The town sits in a vale between two rounded-off, thickly

wooded mountains. Hot mineral waters pour out of the mountainsides,

and the hills for miles around erupt with springs, some

of them famous and commercial, with bottled water for sale,

others trickling under rotten leaves in deep woods and known               (5)

only to the natives. From one spring the water gushes milky and

sulphurous. From another it comes forth laced with arsenic.

Here it will be heavy with the taste of rocky earth, there, as

sweet as rainwater. Each spring possesses its magical healing

properties and its devoted, believing imbibers. In 1541, on the               (10)

journey that proved to be his last, Hernando de Soto encountered

friendly tribes at these springs. For a thousand years before him

the mound-building Indians who lived in the Mississippi Valley

had come here to cure their rheumatism and activate their sluggish

bowels.                                                                                                 (15)

The main street of town, cutting from northeast to southwest,

is schizoid, lined on one side with plate-glass store fronts and on

the other with splendid white stucco bathhouses, each with its

noble portico and veranda, strung along the street like stones in

an old-fashioned necklace. All but one of the bathhouses are                  (20)

closed down now. At the head of the street, on a plateau, stands

the multistoried Arlington, a 1920’s resort hotel and a veritable

ducal palace in yellow sandstone. Opposite, fronted in mirrors

and glittering chrome, is what once was a gambling casino and

is now a wax museum. “The Southern Club,’’ it was called in the           (25)

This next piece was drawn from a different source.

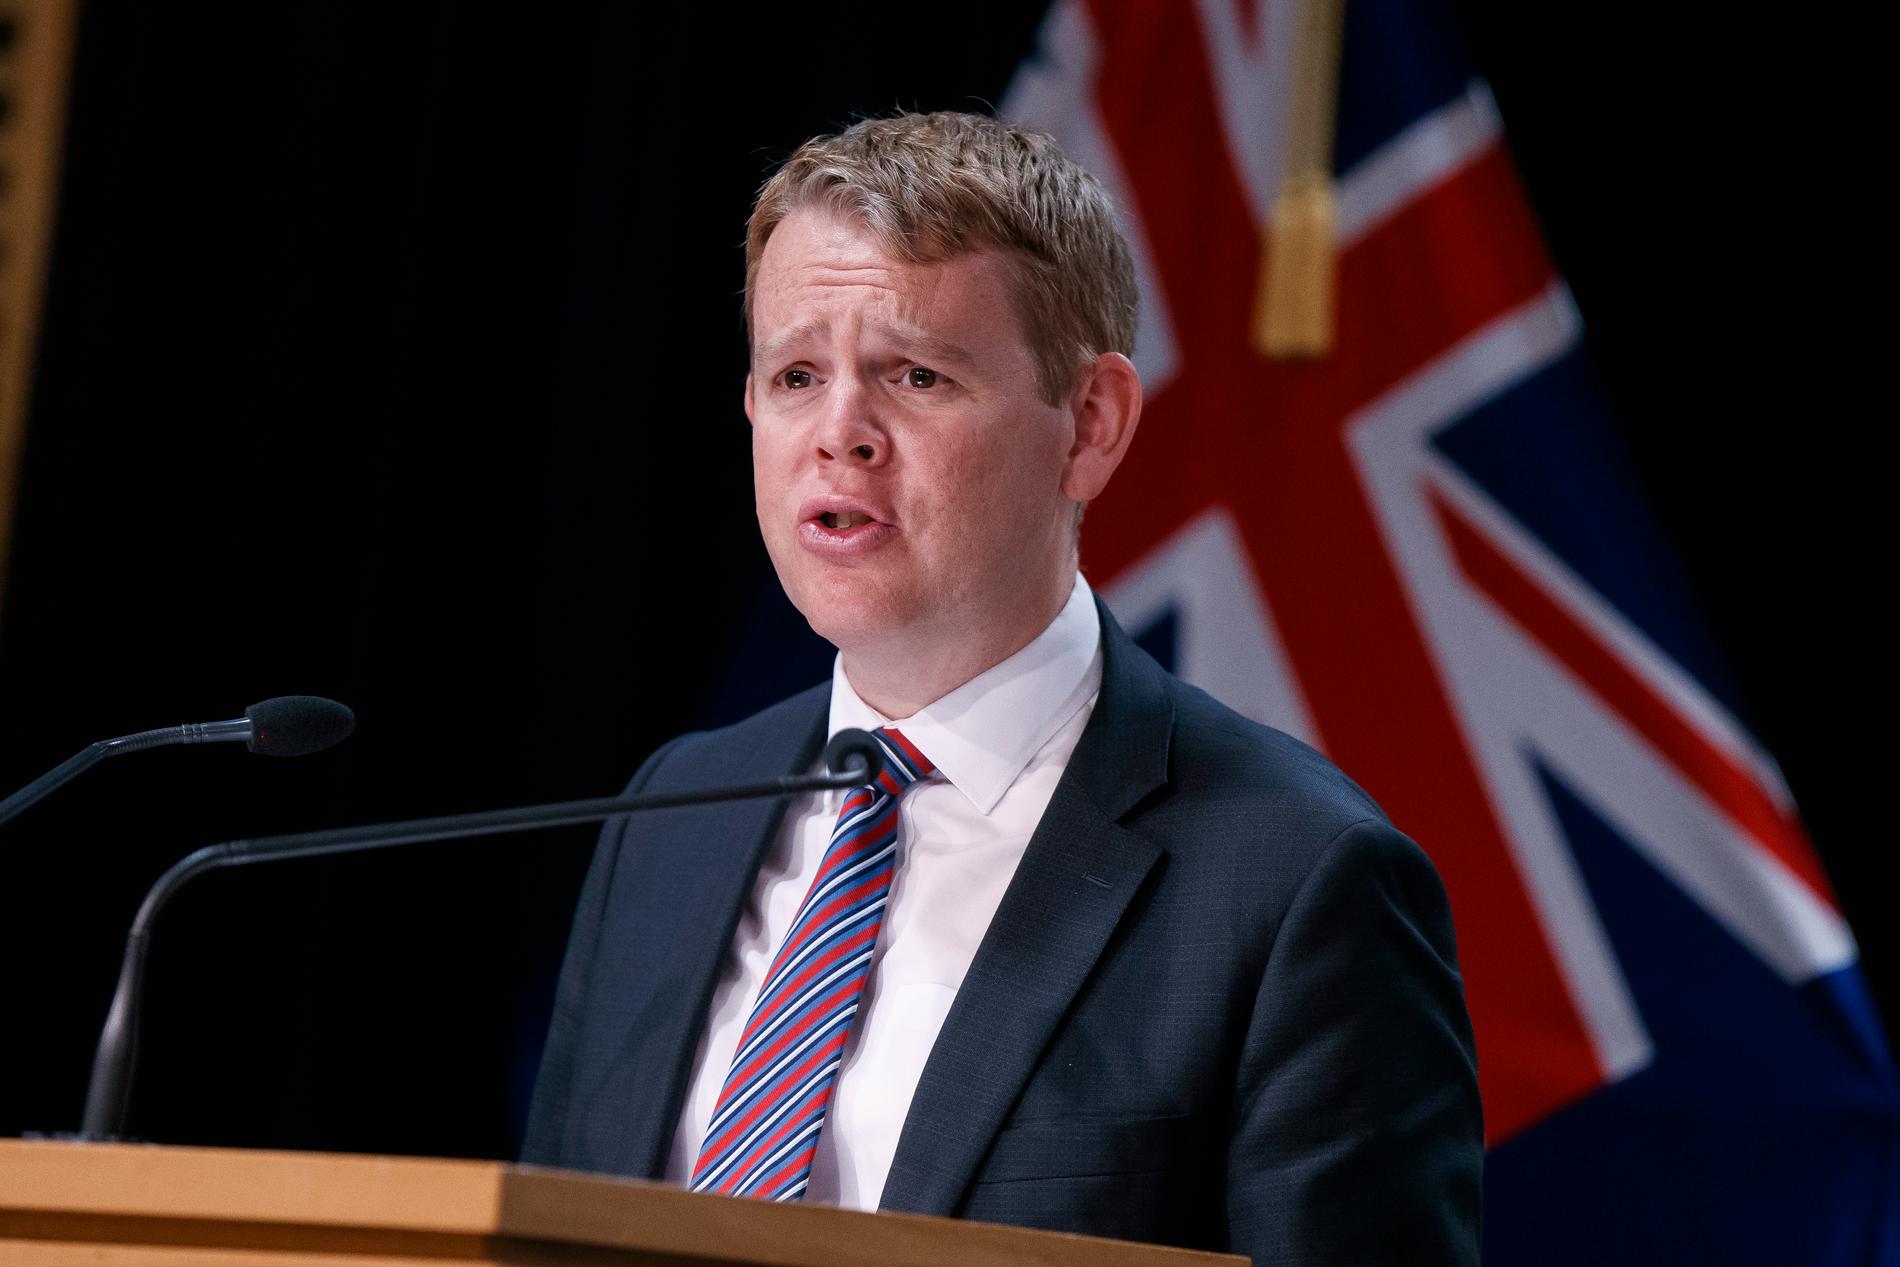 Chris Hipkins, ministern som ansvarar för Nya Zeelands hantering av pandemin. Arkivbild.

days when the dice tumbled across the green baize and my father

waited for the results from Saratoga to come in over Western

Union. Lots of other horsebooks operated in that same neighborhood—

the White Front, the Kentucky Club—some in back

rooms and dives in which no respectable person would be seen.            (30)

But the Southern was another thing. Gamblers from Chicago

strolled in and out in their ice-cream suits and their two-tone

shoes and nothing smaller than a C-note in their pockets. Packards

pulled up to the door and let out wealthy men with showy

canes and women in silk suits and alligator pumps who owned               (35)

stables of thoroughbreds and next month would travel to

Churchill Downs. I saw this alien world in glimpses as Mother

and I sat at the curb in the green Chevrolet, waiting for the last

race at Belmont or Hialeah to be over so that my father could

figure the payoffs and come home to supper.                                         (40)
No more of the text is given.